(Collected material begins)

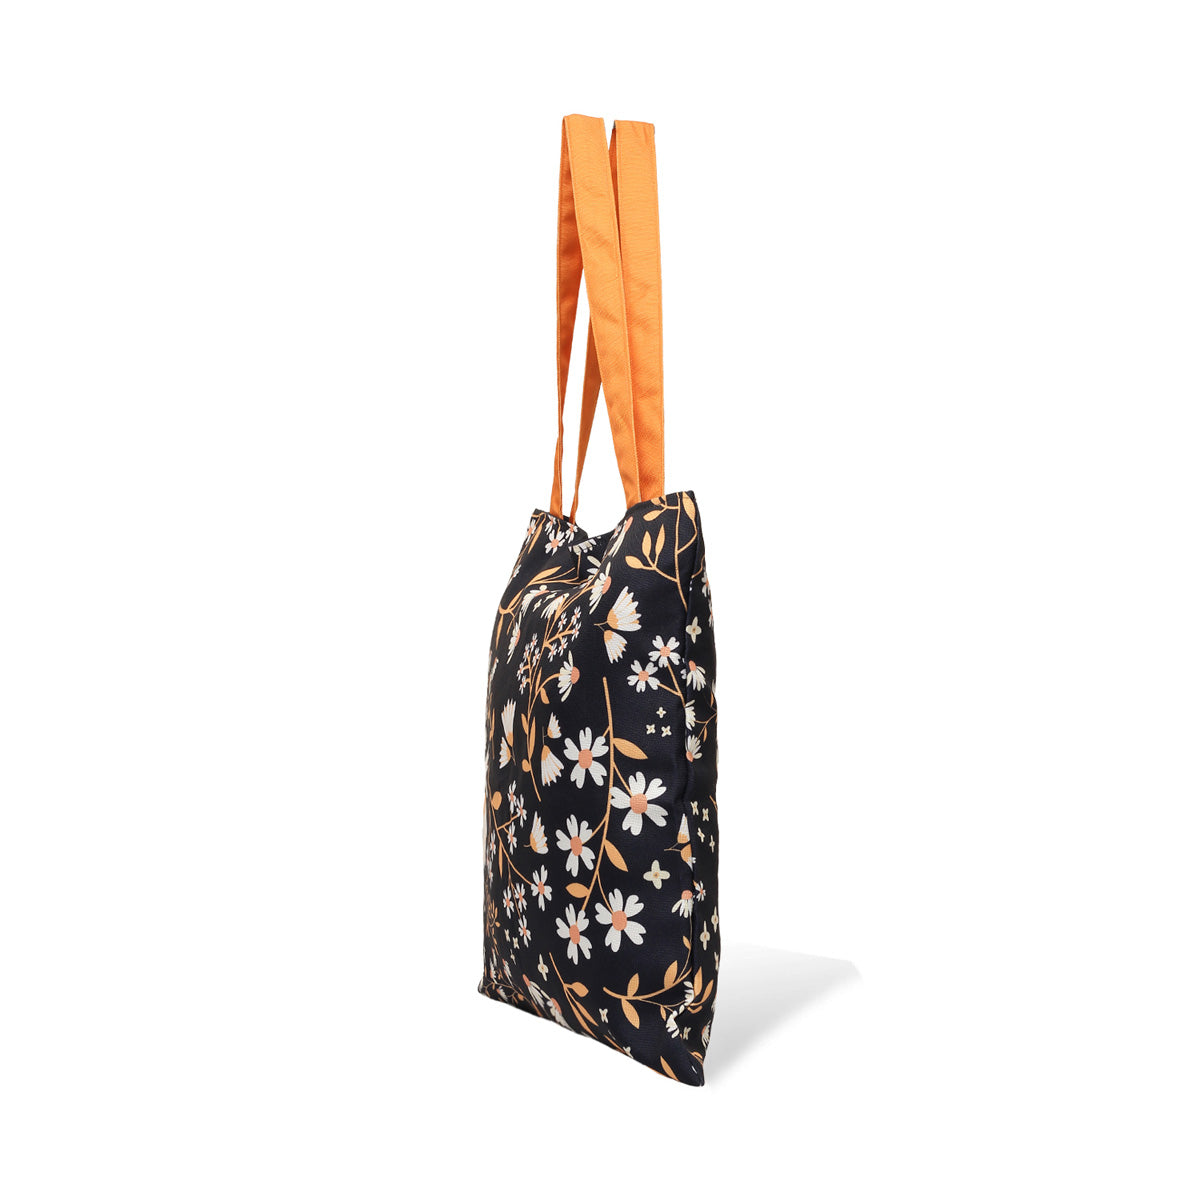 side view of Floral tote bag with vibrant orange handles.
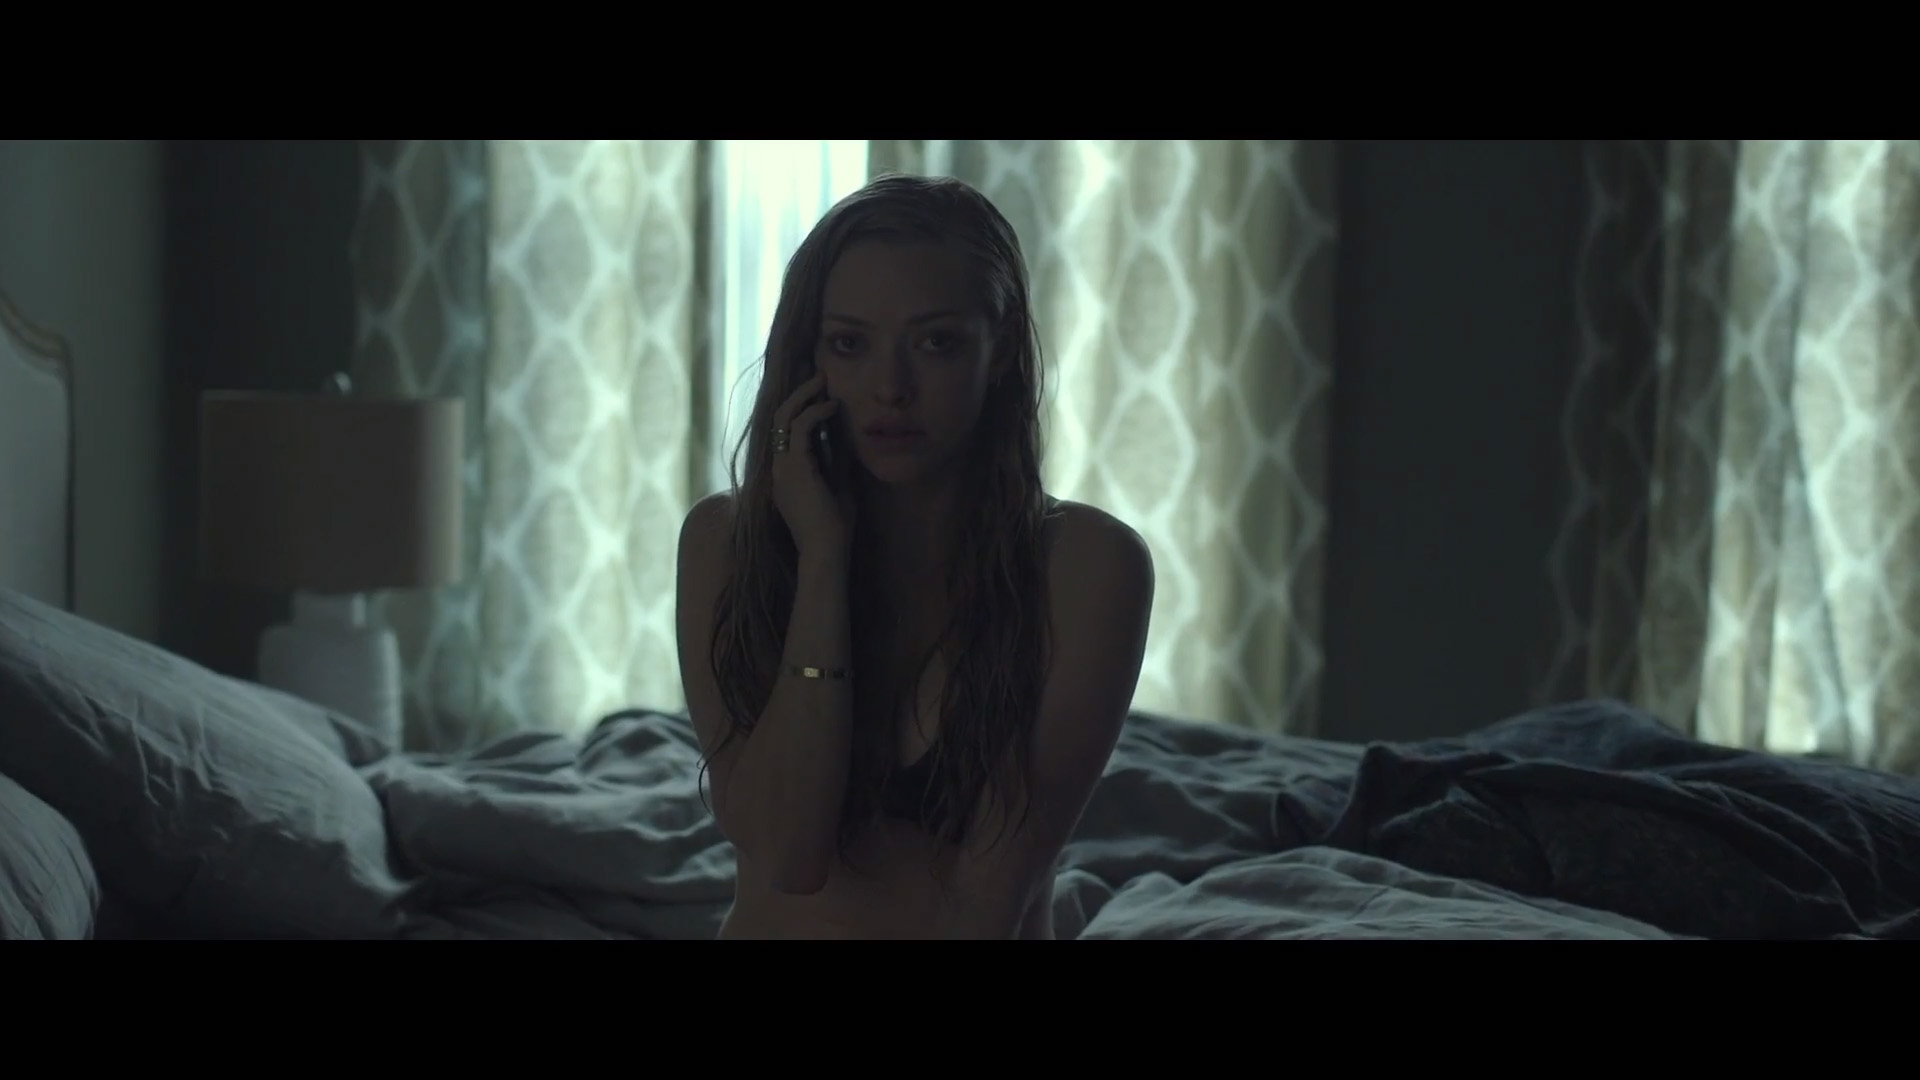 Lost Souls (Movie: Fathers & Daughters)
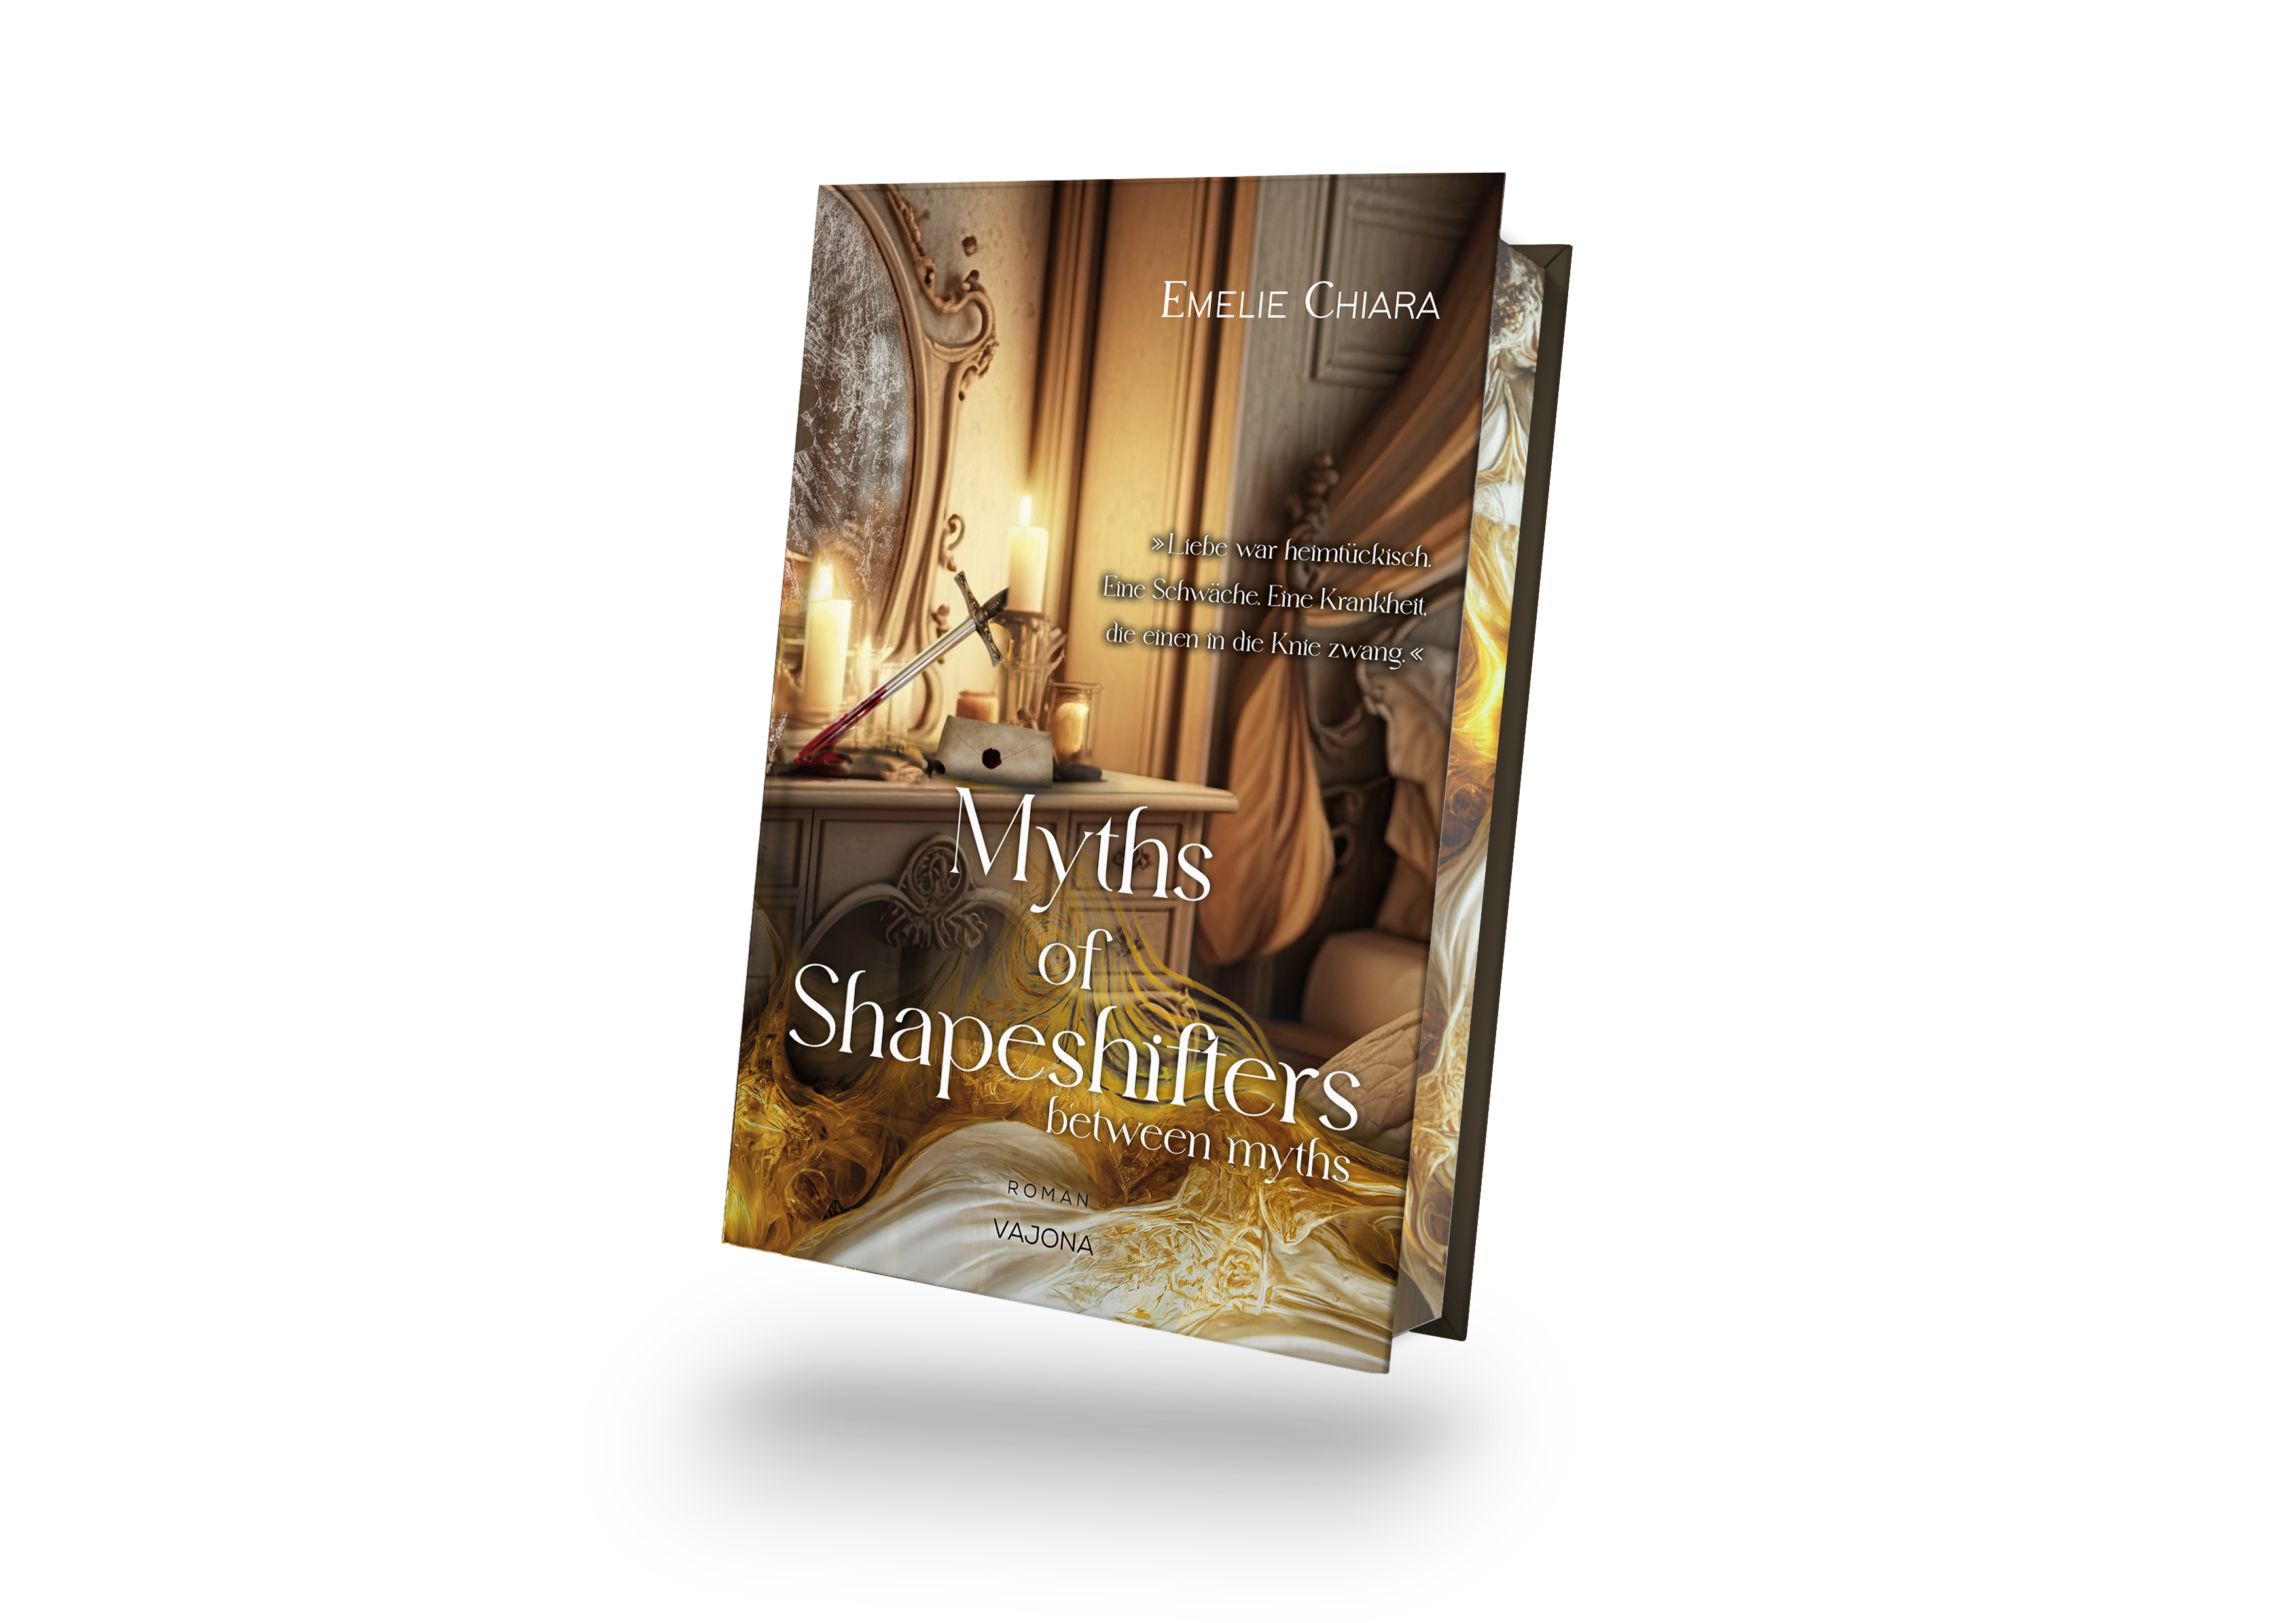 Myths of Shapeshifters - between myths (2)
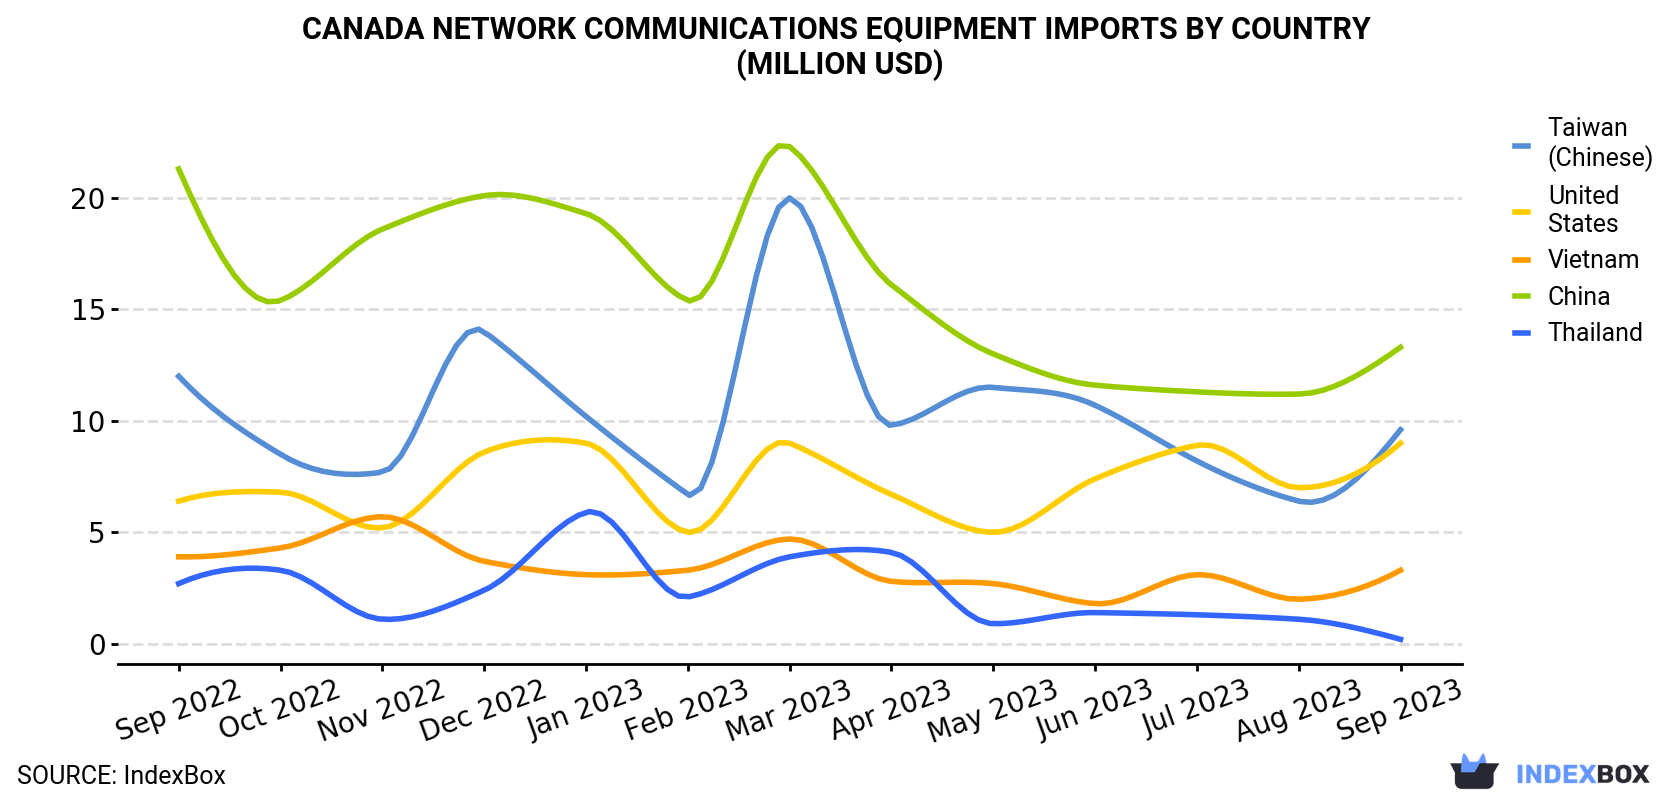 Canada Network Communications Equipment Imports By Country (Million USD)

(Collected material ends)

Each line from the one containing "Lost Souls (Movie: Fathers & Daughters)" through the end of the listing is to be set down exactly, with all pictures left out.

## Task response
 Lost Souls (Movie: Fathers & Daughters)
 Myths of Shapeshifters - between myths (2)
 Canada Network Communications Equipment Imports By Country (Million USD)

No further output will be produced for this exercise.